This project explores how lifestyle behaviors, specifically sleep patterns, may influence academic performance among college students. Poor sleep habits are common in university settings and have been linked to reduced cognitive function, yet their direct relationship to academic outcomes remains underexamined in real-world data. This study seeks to identify whether variations in sleep consistency, duration, and timing are associated with changes in students’ academic achievement.

To investigate this, we conducted a data-driven analysis using a combination of statistical and machine learning models. Our approach includes exploratory data analysis, feature transformation, and the application of several predictive techniques to identify patterns and relationships in the data.
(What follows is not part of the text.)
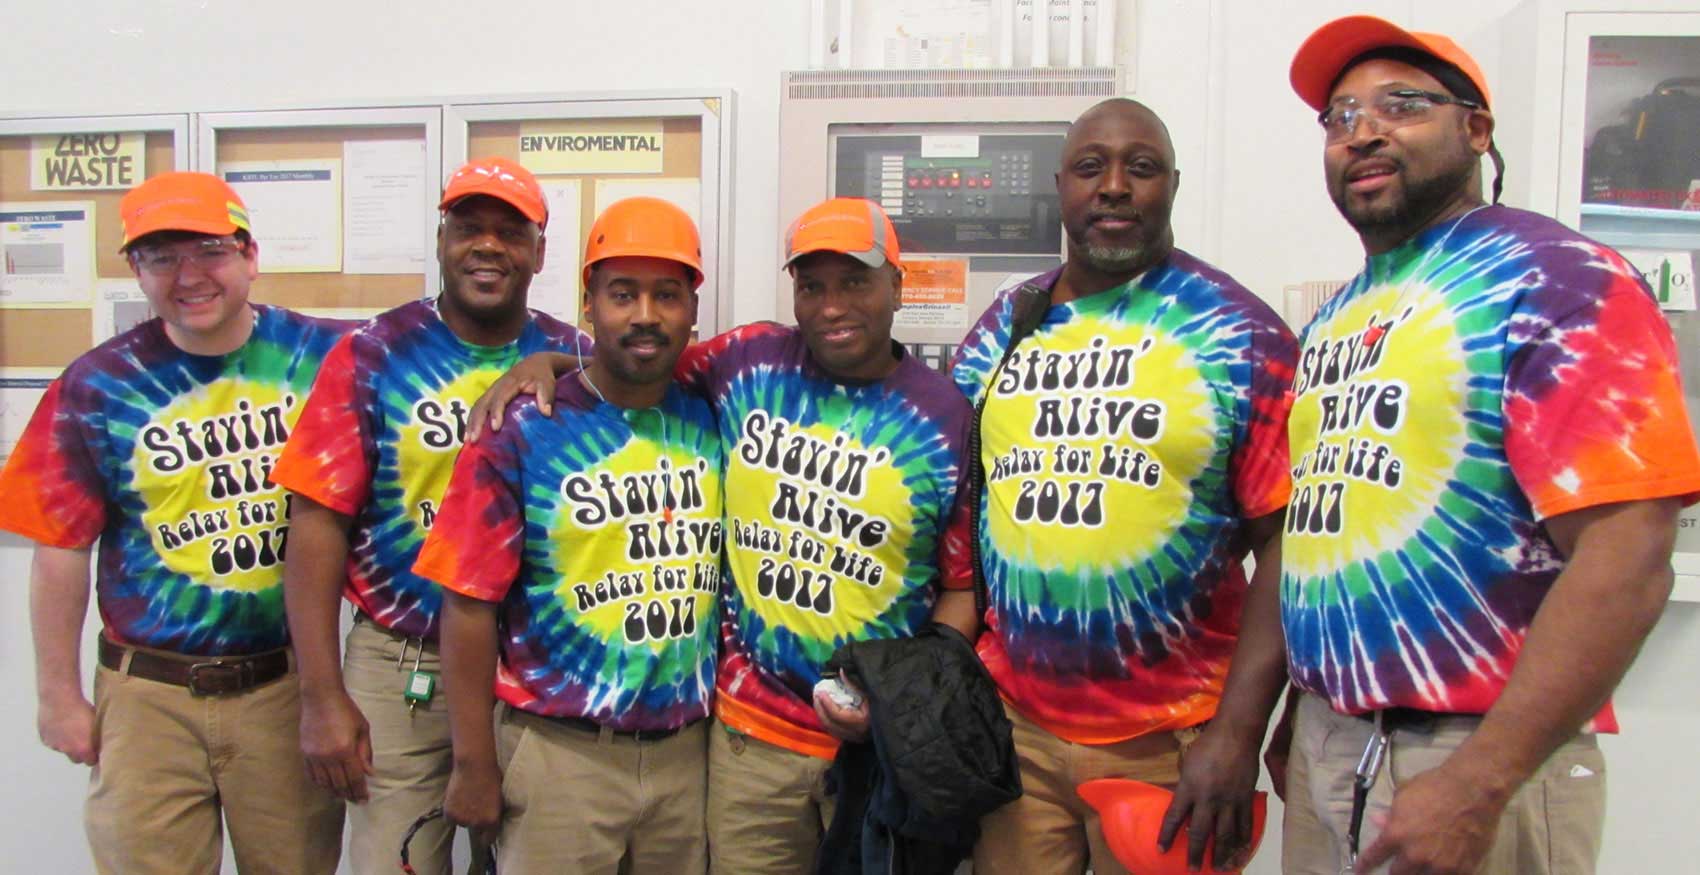 Associates with tie dye Relay for Life shirts on and hard hats

By comparing multiple modeling strategies, we assess both linear and non-linear effects, as well as the potential influence of individual characteristics.

The analysis reveals that certain sleep behaviors show a measurable relationship with academic outcomes. These findings highlight the role that sleep habits may play in academic success and offer insights that can inform future support strategies for student well-being and performance.

## **Introduction**

Academic performance during the first year of college is an important predictor of student retention, graduation, and long-term success. While universities invest heavily in academic support programs such as tutoring, advising, and orientation, personal habits like sleep often receive less attention. Many college students experience irregular sleep schedules, short sleep durations, and late bedtimes. Research has shown that sleep quality and consistency affect memory, focus, and overall cognitive functioning. Understanding how sleep behaviors influence academic outcomes could help improve student success and well-being.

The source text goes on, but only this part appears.